The above is an example of the retaining shroud in place, what cannot be seen in this instance is that the coil spring has broken and that the shroud has done its job and prevented the broken end of the spring falling down and shredding the tyre. The following image clearly shows how the spring has broken but remains securely on the spring seat. 

I should also mention that I have seen a broken spring that has managed to slip through the base of the shroud, so it seems it is not always successful in retaining the broken spring in place.

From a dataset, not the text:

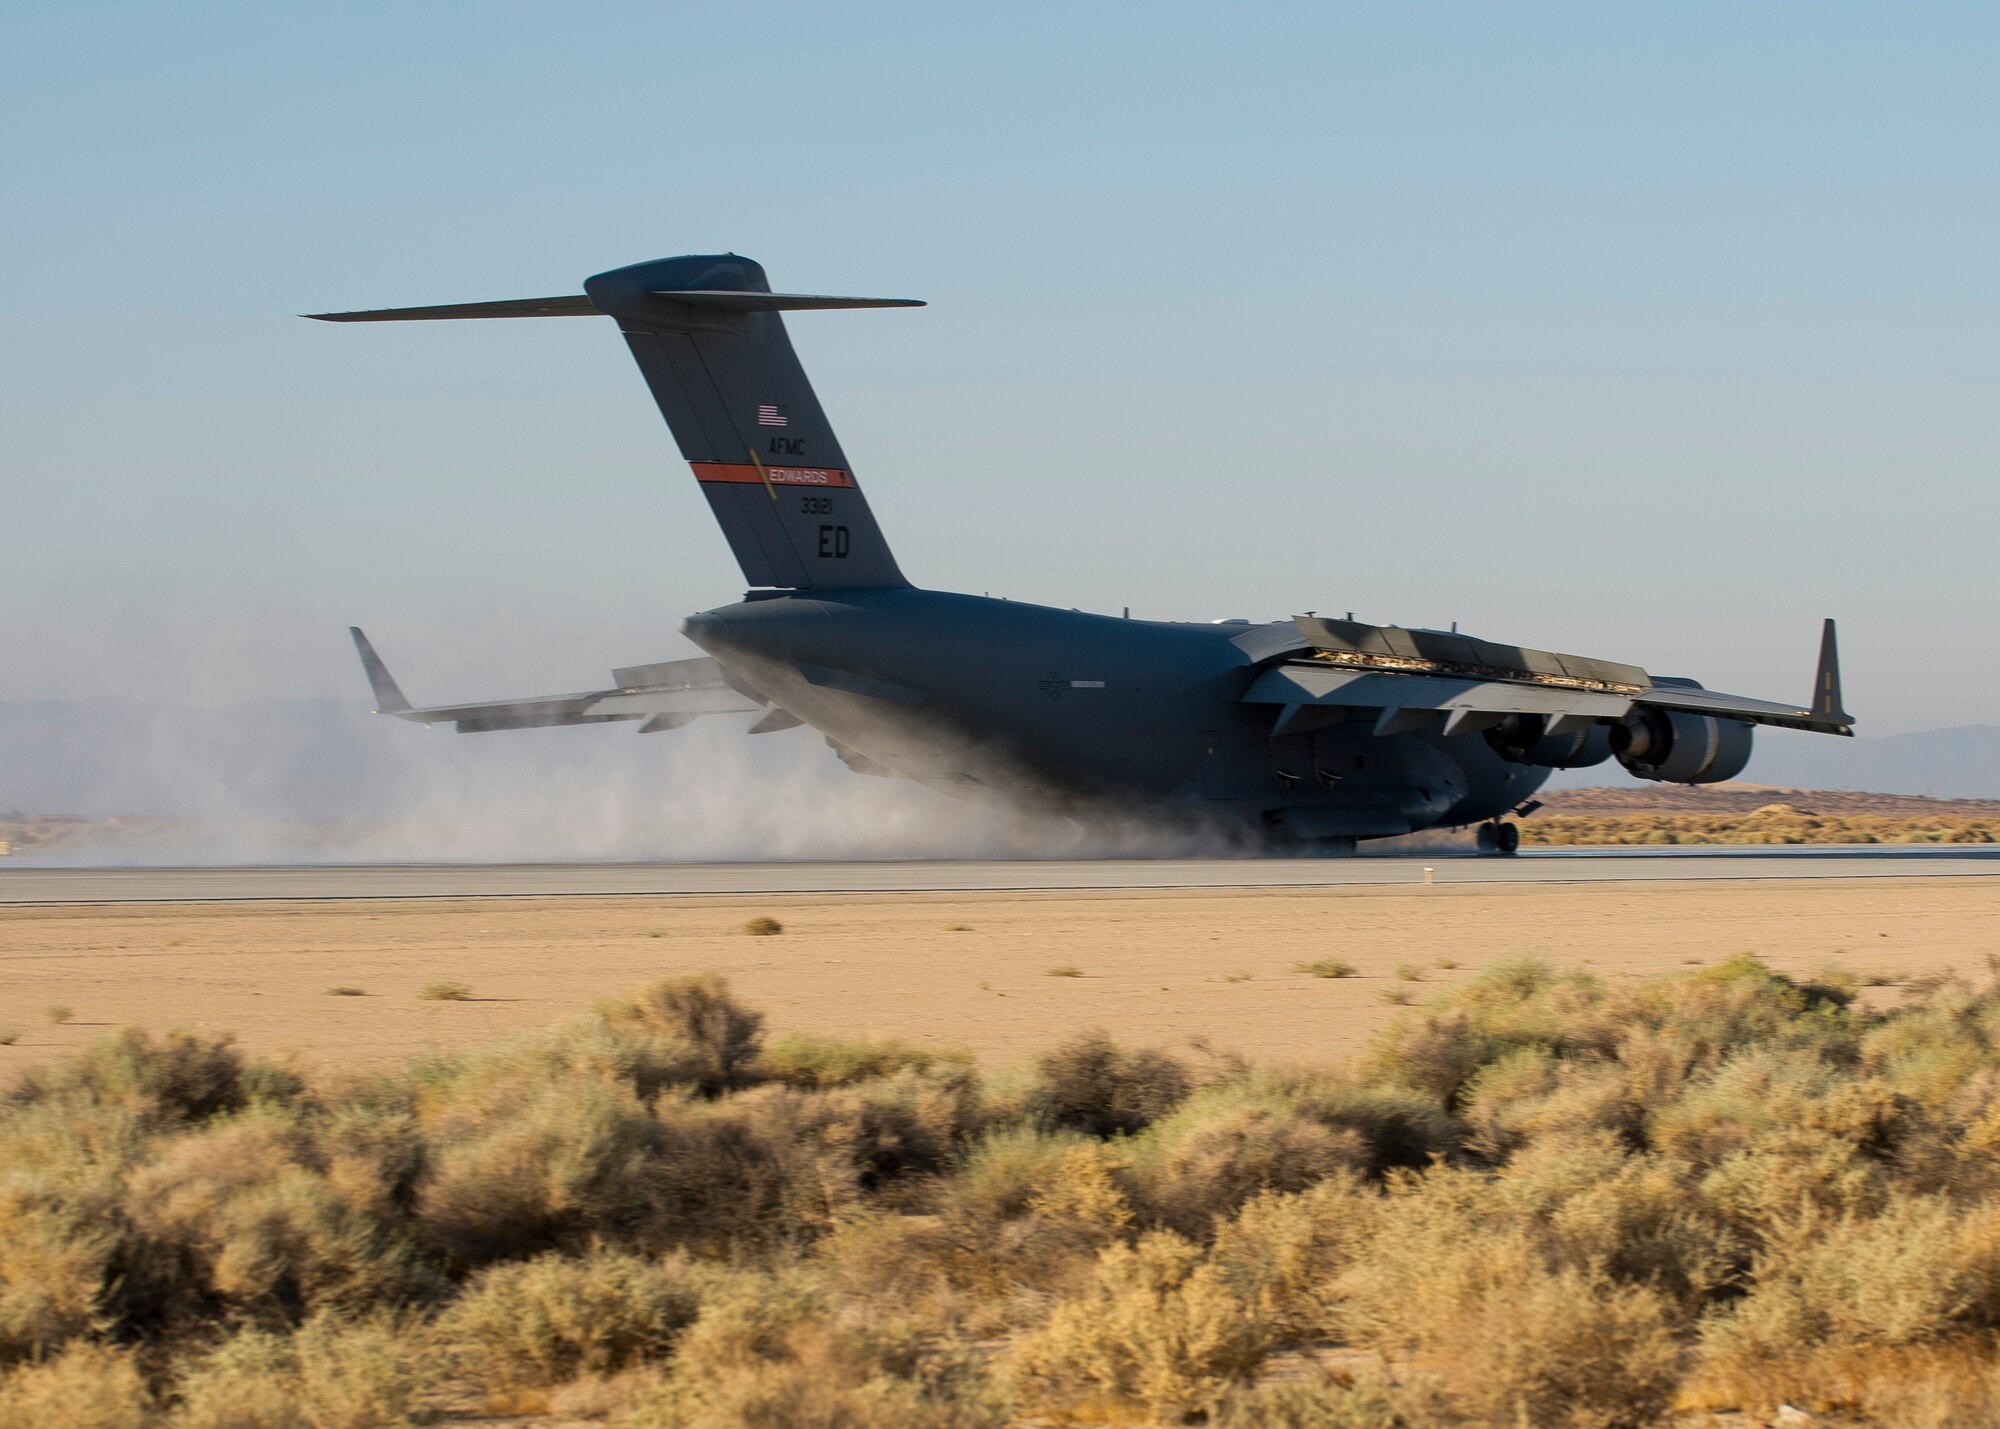 A C-17 Globemaster III performs a wet-runway performance test Aug. 20, 2014, on the flightline at Edwards Air Force Base, Calif. Since Dunlop Tire was selected as the replacement tire for the Globemaster III, the C-17 Global Reach Integrated Test Team at Edwards AFB has been putting the C-17’s new Dunlop tires through wet-and-dry runway takeoff and landing performance tests. (U.S. Air Force photo/ Ethan Wagner)

Suspension and prescribed areas


A number of items have cropped up this last week, a broken coil spring seems to be a regular occurrence, this one seen on a Renault Clio
In it’s normal position, rather than wheels free, the break was hardly noticeable, however once jacked up it was immediately spotted.

Following on from springs another regular occurrence are suspension arm bushes, the following images are from a ‘Y’ reg Honda Civic.
Again on initial viewing of it, it didn’t appear too bad, however on inspection of the underside of the arm it was clear that the bonding on the bush had failed allowing excessive movement, as the arm moved up and thus contacting the front subframe, leading to a heavy knocking over bumps. The same vehicle also had a problem with 2  antiroll bar links having become detached at the balljoints.Which were also making a characteristic knock over small bumps.

Then we had a Mazda MX5 suffering with some tinworm, the outer sills seem to suffer just forward of the rear wheel arches,Further inspection also revealed excessive corrosion to the sill closing panels inside the rear wheel arches, not something the owner would be expected to notice under normal circumstances.
All of the above would be spotted in good time if the vehicles were regularly serviced.